Additional challenges to the genetic diversity of sorghum, Dahlberg speculates, may be present in the consolidation of the largest sorghum seed companies.
“A big concern is the consolidation of seed companies,” he says. “There are fewer and fewer seed companies in sorghum. Depending on the genetic pools that each of the companies have, they may be narrowing the genetic pool of sorghum seed in the country — it really depends on how diverse the pool of inbred lines is that companies are working with.”
Opportunities for Sorghum Abound
Today, the opportunities for sorghum seem to far outweigh the crop’s challenges and limitations, despite the technology advantages held by other crops.
While the technology of transgenic modification has allowed corn and soybeans to dominate acres across the United States, it will likely not hold the same opportunity for sorghum, Dahlberg suggests.

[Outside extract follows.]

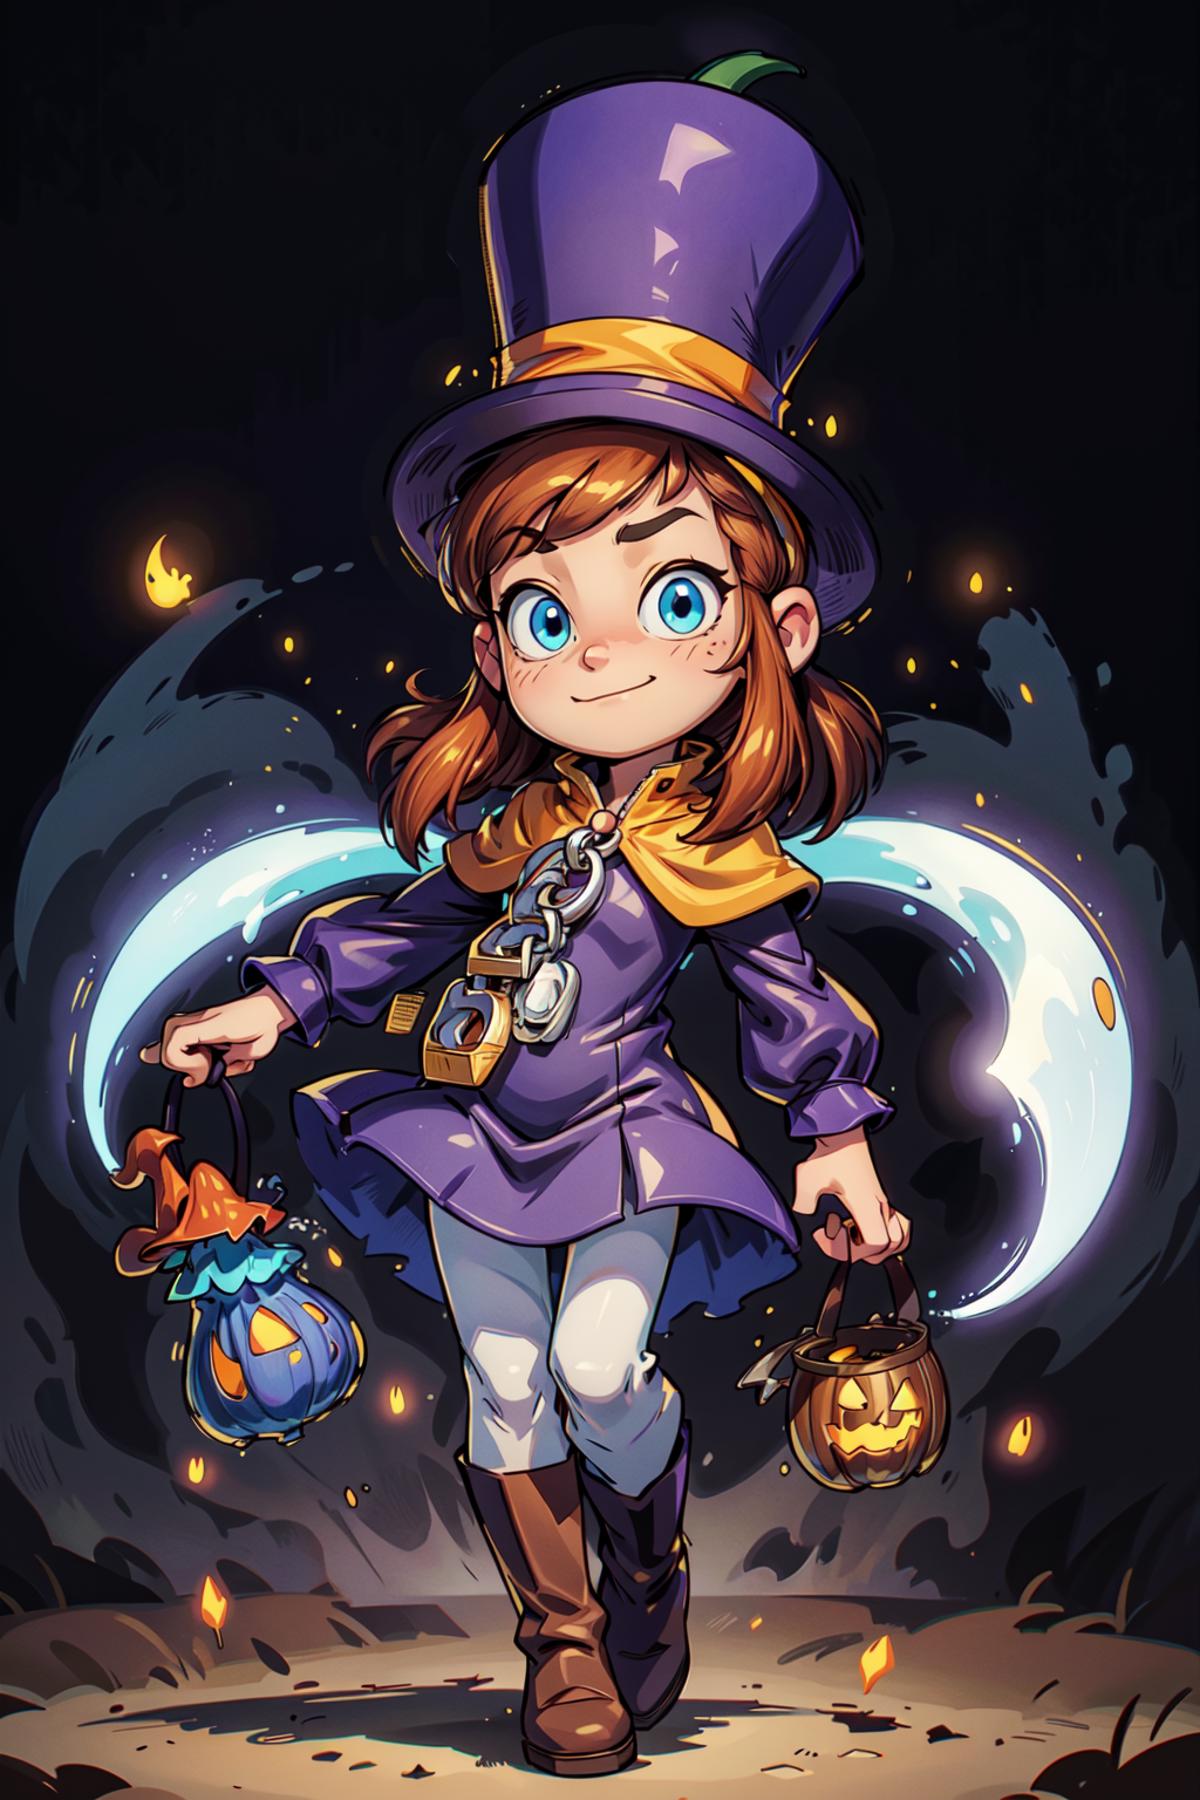 A Hat In Time - Hat Kid image by Kayako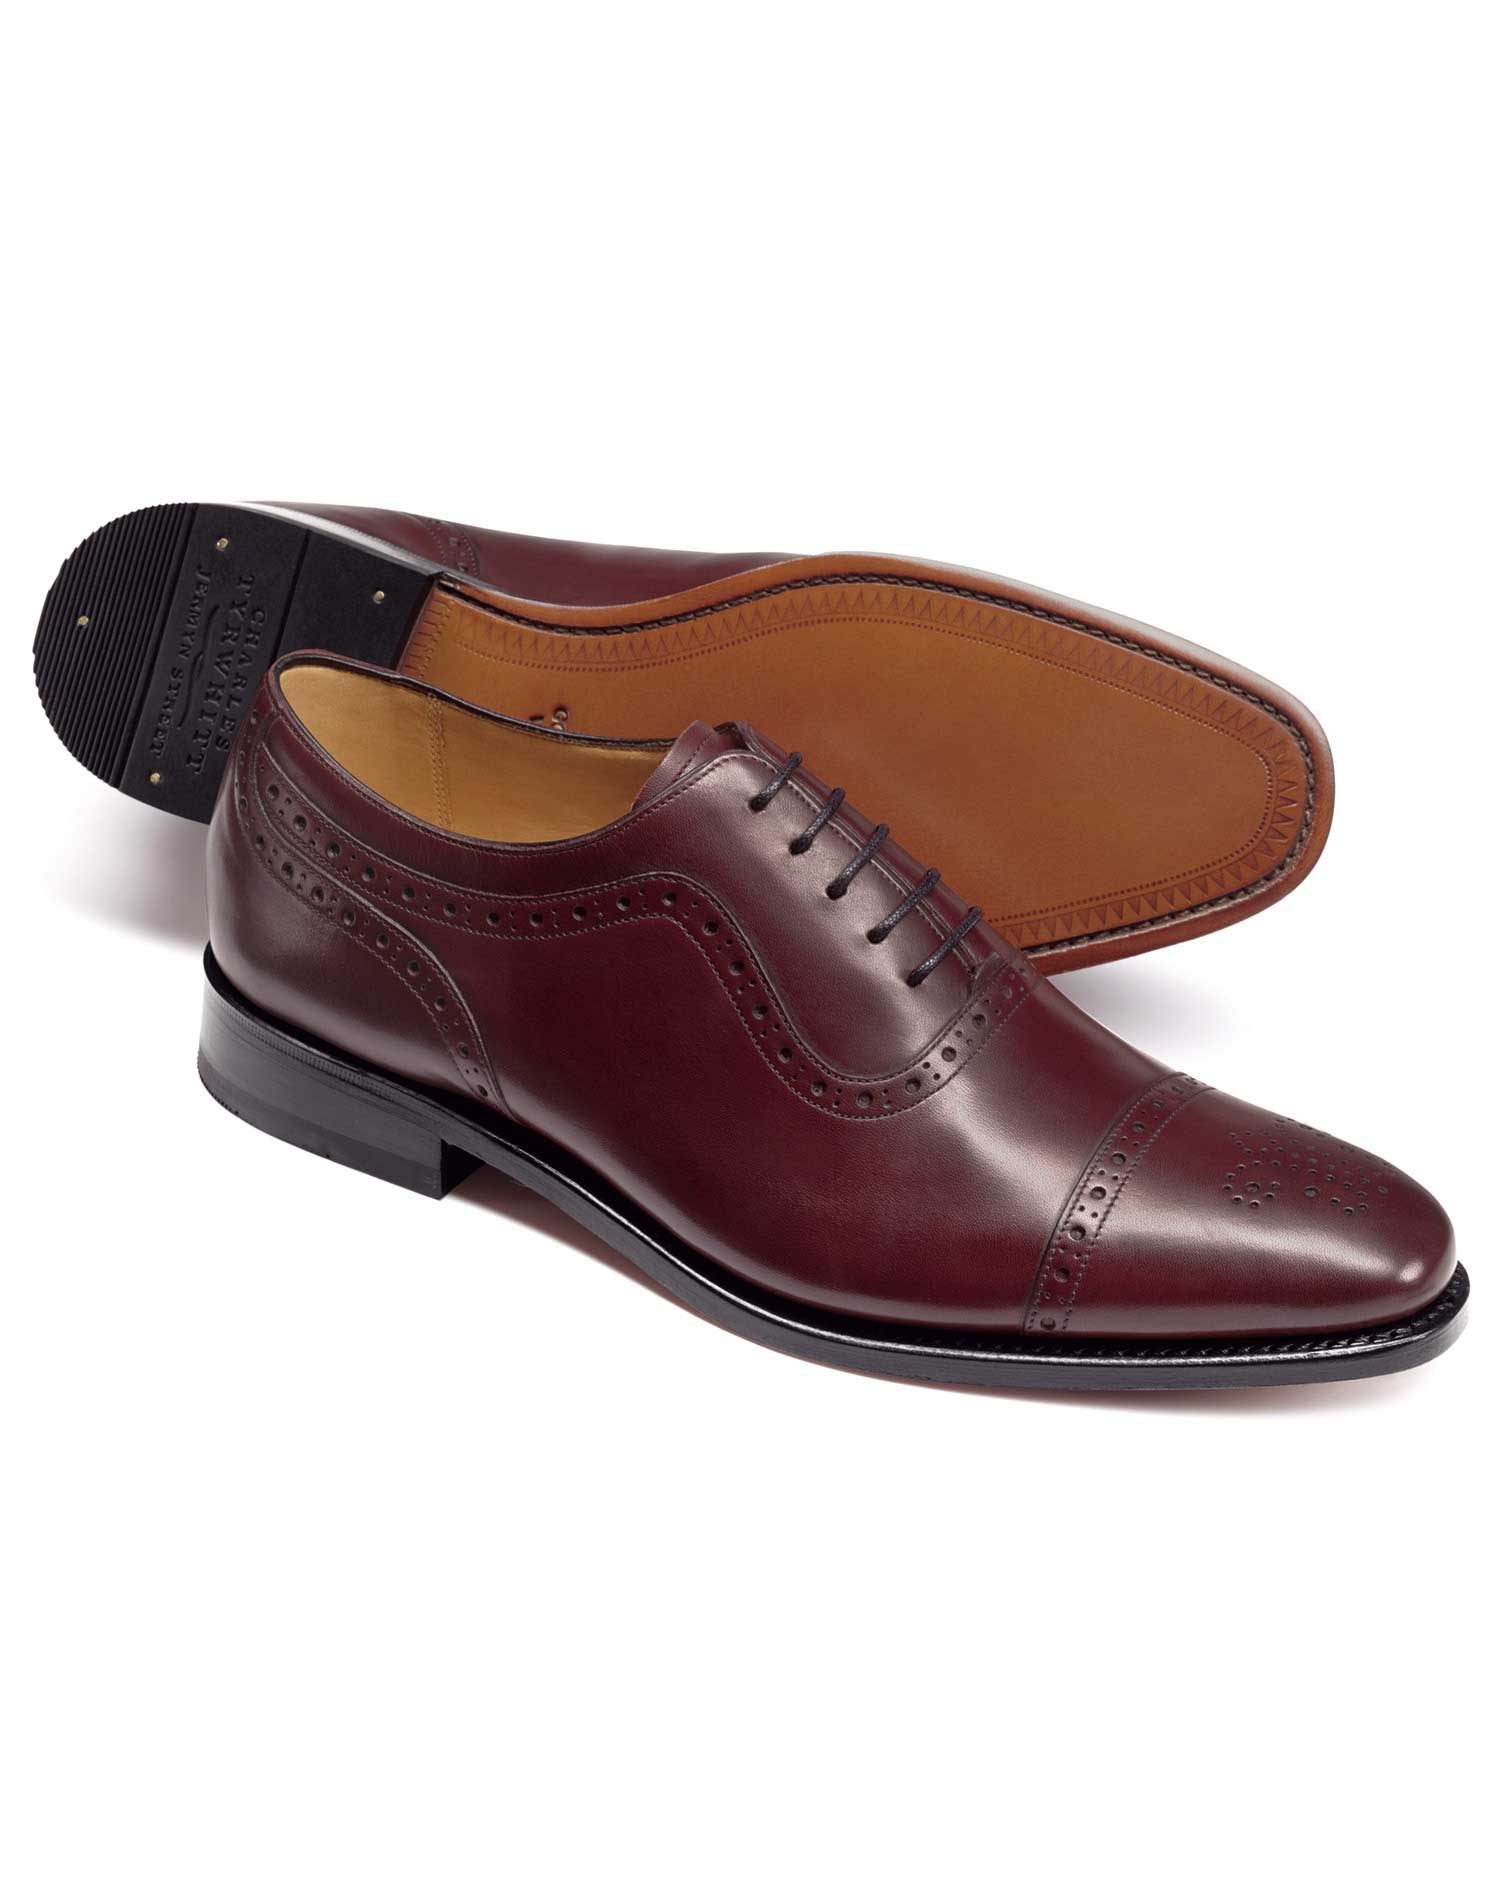 goodyear welted shoes sale

Transgenic modification isn’t the only technology on the horizon for the genetic improvement of sorghum. Dahlberg says that gene editing could be beneficial to enhancing genetic improvement in the crop.
“If we know what gene to turn off, we can make a plant photo period insensitive and convert exotic lines in a year or two, rather than seven or eight,” he says. “We would also be able to maintain almost all of the exotic germplasm which will, ultimately, give us more genotypes to look at.”
Sexton-Bowser also shares that sorghum offers untapped benefits because of the types of environments and ecologies accessions are generated from. She notes that while the agriculture industry has made considerable genetic gain in both corn and soybeans, there has been less selection pressure and fewer resources dedicated to the sorghum crop — providing much more unexploited genetic potential to be mobilized as technology in the seed bag for U.S. famers.
“The one thing that we all need to remember about genetic improvement within a crop is that there is a give-and-take system of trade-offs,” she says. “As you make more advanced genetic gains on a certain crop, you are potentially foregoing future opportunities and diversity. It’s all about balance as we build out a pipeline for sorghum that can put into play the genetic diversity that we aren’t leveraging today.”